Nonetheless, the Eastern District of Louisiana has concluded that awarding prejudgment interest on future lost profits is irreconcilable with the purpose of prejudgment interest and that the recovery of such interest is impermissible under Louisiana law.12 Prejudgment interest, which stems from the damages suffered by the victorious party, is meant to fully compensate the injured party for the use of funds to which he is entitled but does not enjoy because the defendant has maintained control over the funds during the pendency of the action.13 Accordingly, to allow a plaintiff to recover prejudgment interest on future damages would contradict this purpose because such an award consists of money that the plaintiff would not have had the use of until after judgment.14

It is well-settled that under maritime law, the awarding of prejudgment interest is the rule rather than the exception, and, in practice, is well-nigh automatic.15 A trial court has the discretion to deny prejudgment interest only where peculiar circumstances would make such an award inequitable.16 The Reeled Tubing court identified four such “peculiar circumstances”: (1) where plaintiff improperly delayed resolution of an action, (2) where a genuine dispute over a good faith claim exists in a mutual fault setting, (3) where some equitable doctrine counsels against the award, or (4) where the damages award was substantially less than the amount claimed by plaintiff.17 The Supreme Court has since held that neither a good-faith dispute over liability nor the existence of mutual fault justifies the denial of prejudgment interest in an admiralty collision case, thereby abrogating the second of Reeled Tubing’s “peculiar circumstances” test.18

1 Platoro Ltd., Inc. v.

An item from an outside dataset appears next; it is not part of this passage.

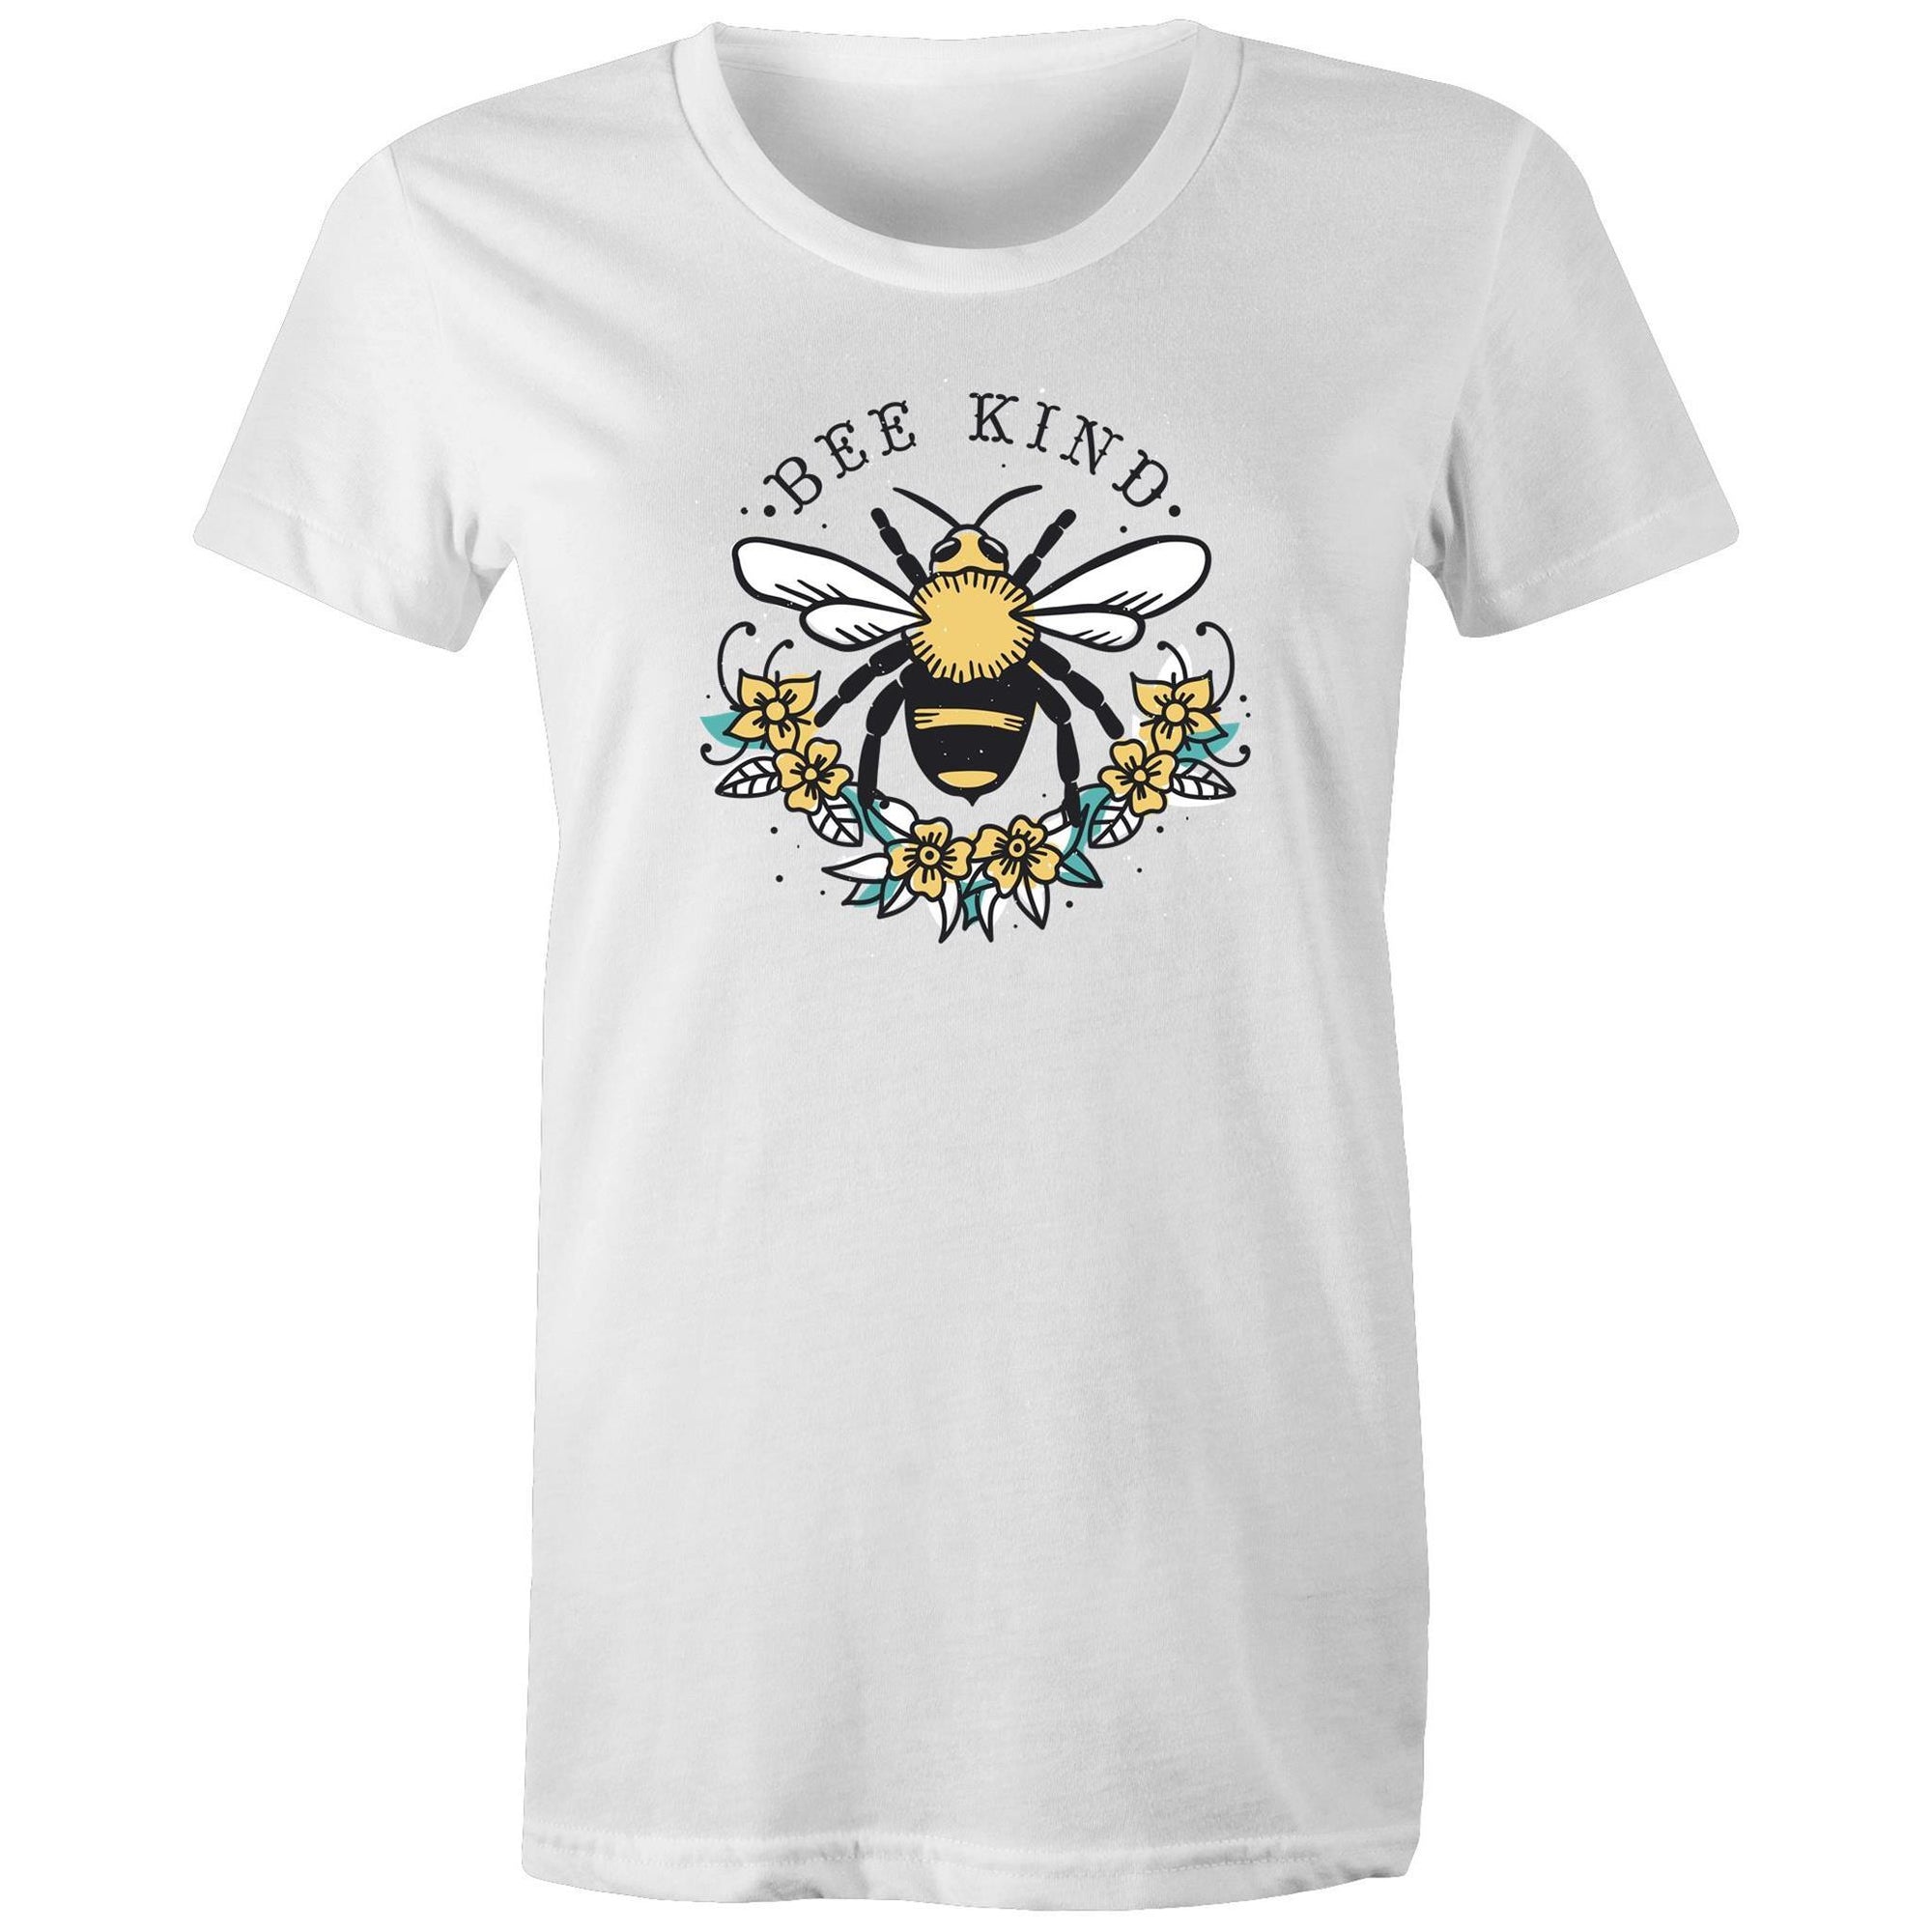 Women's Bee Kind T-shirt

Unidentified Remains of a Vessel, 695 F.2d 893, 906 (5th Cir. 1983).
2 City Of Milwaukee v. Cement Div., Nat’l Gypsum Co., 515 U.S. 189, 199 (1995);Sea Link Cargo Servs. Inc. v. Mar. Centre Inc. , 380 F. App’x 460, 464 (5th Cir. 2010).
3 City of Milwaukee, 515 U.S. at 195-96.
4 Reeled Tubing, Inc. v. M/V Chad G, 794 F.2d 1026, 1028-29 (5th Cir. 1986).

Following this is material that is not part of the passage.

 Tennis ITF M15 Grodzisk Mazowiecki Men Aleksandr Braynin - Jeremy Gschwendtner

5 Pillsbury Co. v. Midland Enters., Inc., 715 F. Supp. 738, 770-71 (E.D. La. 1989).
6 Reeled Tubing, 794 F.2d at 1028.
7 Sea Link, 380 F. App’x at 464, citing In re Signal Int’l, LLC, 579 F.3d 478, 500-01 (5th Cir. 2009).
8 City of Milwaukee, 515 U.S. at 196.
9 Meaux Surface Prot., Inc. v. Fogleman, 607 F.3d 161, 172 (5th Cir. 2010).
10 La. Civ. Code art. 2000.
11 St. Paul’s Evangelical Lutheran Church v. Quick Response Restoration, Inc., 381 F. App’x 408, 412 (5th Cir. 2010), citing Mini Togs Prod., Inc. v. Wallace, 513 So. 2d 867, 873 (La. App. 4 Cir. 1987).
12 Walle Corp. v. Rockwell Graphics Sys., Inc., No. No. 90-2163, 1992 WL 245963 (E.D. La. Sept. 21, 1992).
13 Corbello v. Iowa Prod., 850 So. 2d 686, 706 (La. 2003) (overruled on other grounds).
14 Hollybrook Cottonseed Processing, LLC v. Carver, Inc., 2015 WL 3771781, at *2 (W.D. La. June 17, 2015), quoting Walle, 1992 WL 245963 at *9.
15 Reeled Tubing, Inc. v. M/V Chad G, 794 F.2d 1026, 1028 (5th Cir. 1986); accord Sea Link Cargo Servs. Inc. v. Mar. Centre Inc. , 380 F. App’x 460, 464 (5th Cir. 2010).
16 Reeled Tubing, 794 F.2d at 1028; see also Sea Link, 380 F. App’x at 464.
17 Reeled Tubing, 794 F.2d at 1028.
18 City Of Milwaukee v. Cement Div., Nat’l Gypsum Co., 515 U.S. 189, 199 (1995).